Data provided:
______________________________

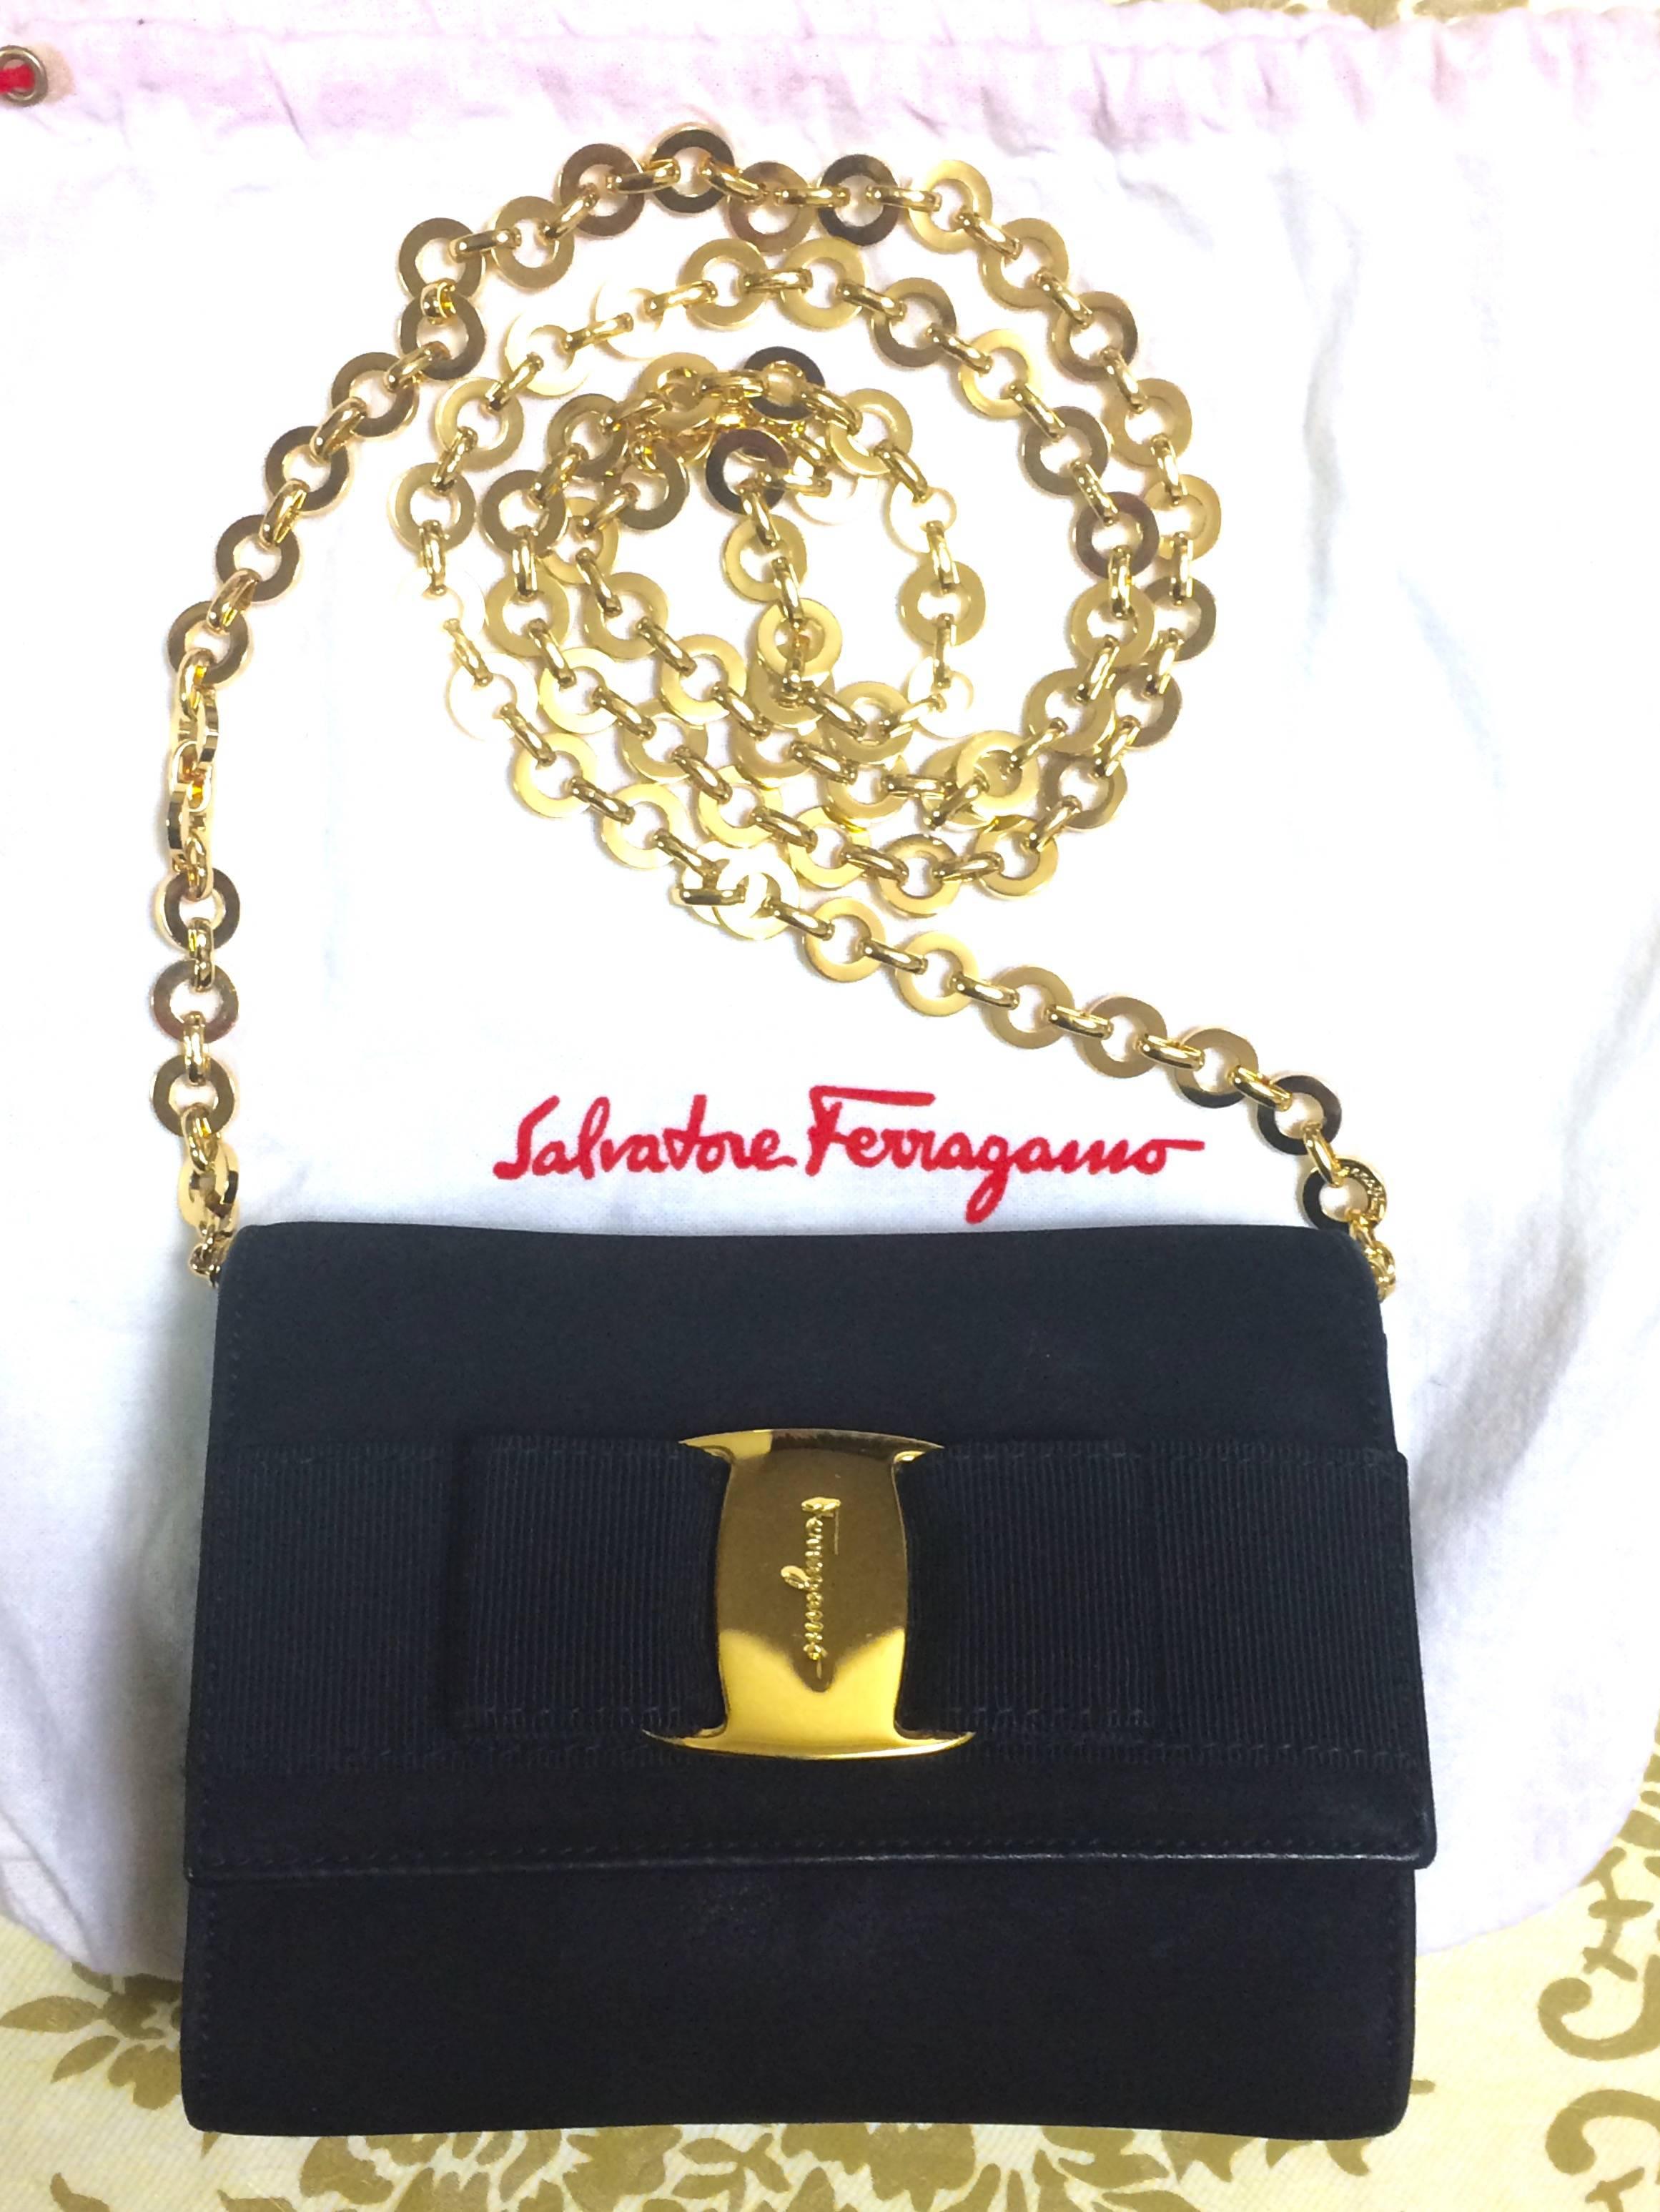 1990s. Vintage Salvatore Ferragamo black leather shoulder mini bag with golden chain and Vara bow motif. Clutch purse from Vara collection.

Excellent condition!

This is a vintage Salvatore Ferragamo's genuine black leather shoulder mini bag from
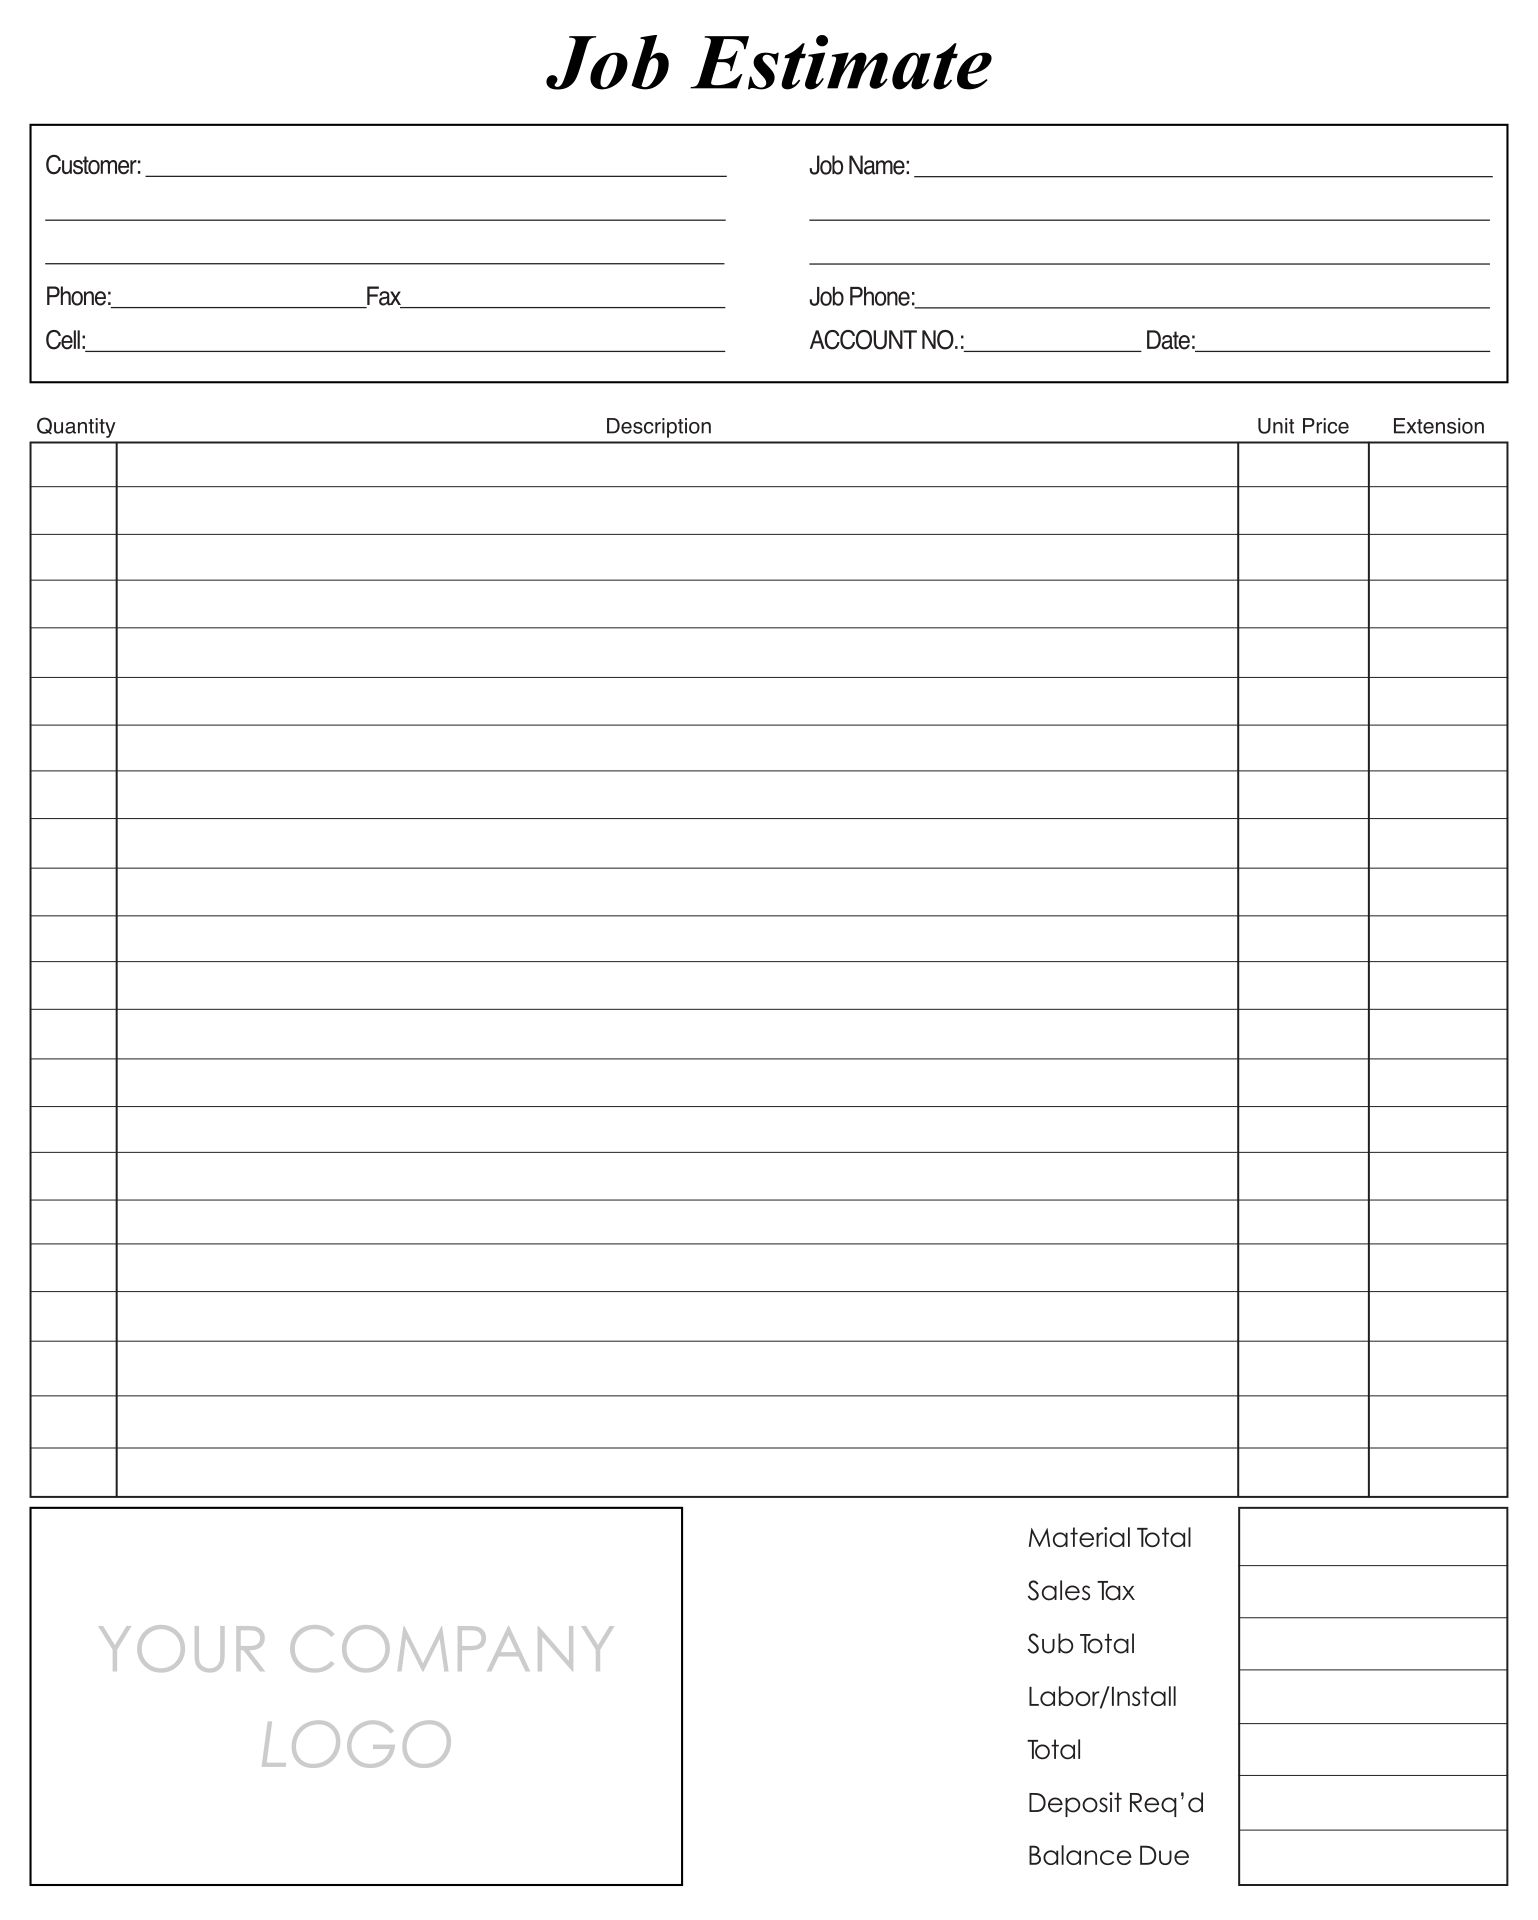 printable-roof-estimate-forms-printable-forms-free-online

______________________________

The data must be reproduced exactly, and no picture may appear in the copy.

 1990s. Vintage Salvatore Ferragamo black leather shoulder mini bag with golden chain and Vara bow motif. Clutch purse from Vara collection.

Excellent condition!

This is a vintage Salvatore Ferragamo's genuine black leather shoulder mini bag from
 printable-roof-estimate-forms-printable-forms-free-online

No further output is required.